In the ARTEMIS-UC phase 2 trial, a 12-week double-blind, placebo-controlled trial, patients with moderate to severely active UC who had failed conventional or advance therapy were assigned to either PRA023 (n=68) or placebo (n=67). According to topline results, 26.5% of patients given PRA023 reached the primary endpoint of clinical remission vs. 1.5% of patients on placebo at 12 weeks. Additionally, 36.8% on PRA023 reached endoscopic improvement vs. 6% on placebo.

The second phase 2 trial assessing PRA023, APOLLO-CD, was a 12-week open-label study of 55 patients with moderate-to-severely CD with endoscopically active disease who had failed conventional or biologic therapy. According to topline results, 26% of patients who received PRA023 achieved endoscopic response and 49.1% achieved clinical remission rates vs. prespecified historical placebo rates. PRA023 significantly reduced multiple inflammation and fibrosis markers, topline data showed.

In both studies, PRA023 was well tolerated, with no treatment-emergent serious adverse events or adverse events were reported. Of note, COVID-19 was the only adverse event reported a higher frequency in patients treated with PRA023 vs. placebo (5 vs. 3) in the ARTEMIS-UC trial.

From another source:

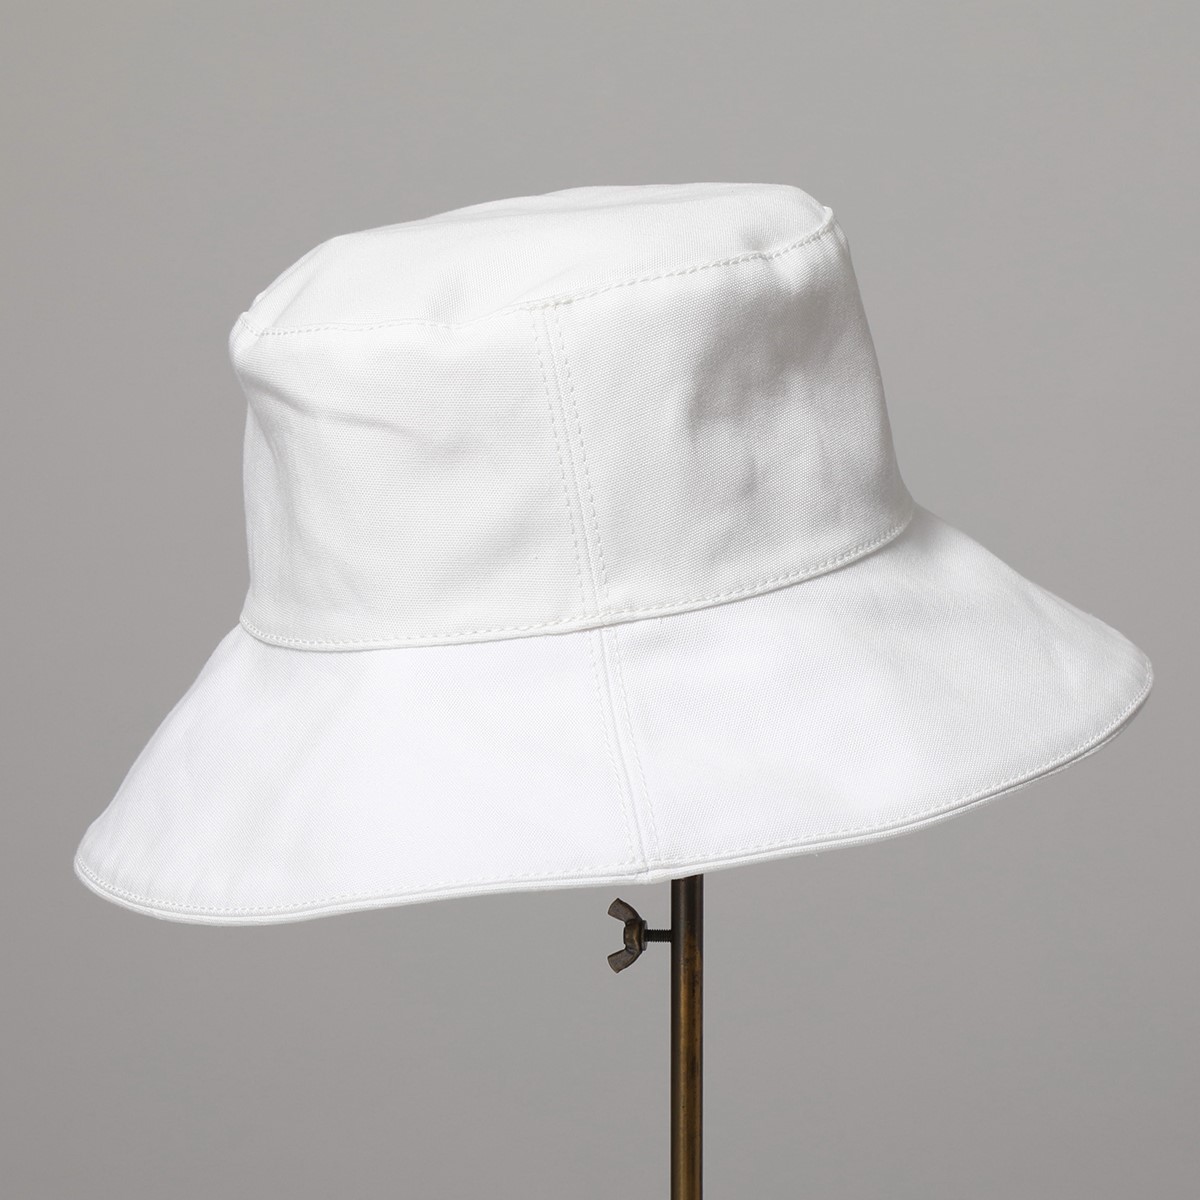 HELEN KAMINSKI ヘレンカミンスキー バケットハット ENSLEY レディース コットン 帽子 カラー2色 | インポートセレクト  musee

“PRA023 has clearly demonstrated clinical proof-of-concept in CD and remarkable efficacy for the treatment of UC,” Allison Luo, MD, chief medical officer at Prometheus Biosciences, said in the release. “We are grateful to all of our investigators and patients for their participation and look forward to further evaluating PRA023 in phase 3 studies with the goal of bringing this promising candidate to the market.”

Based on these results, Prometheus intends to proceed with pivotal development for PRA023 in 2023. The company noted that the full data sets will be presented during an upcoming medical meeting.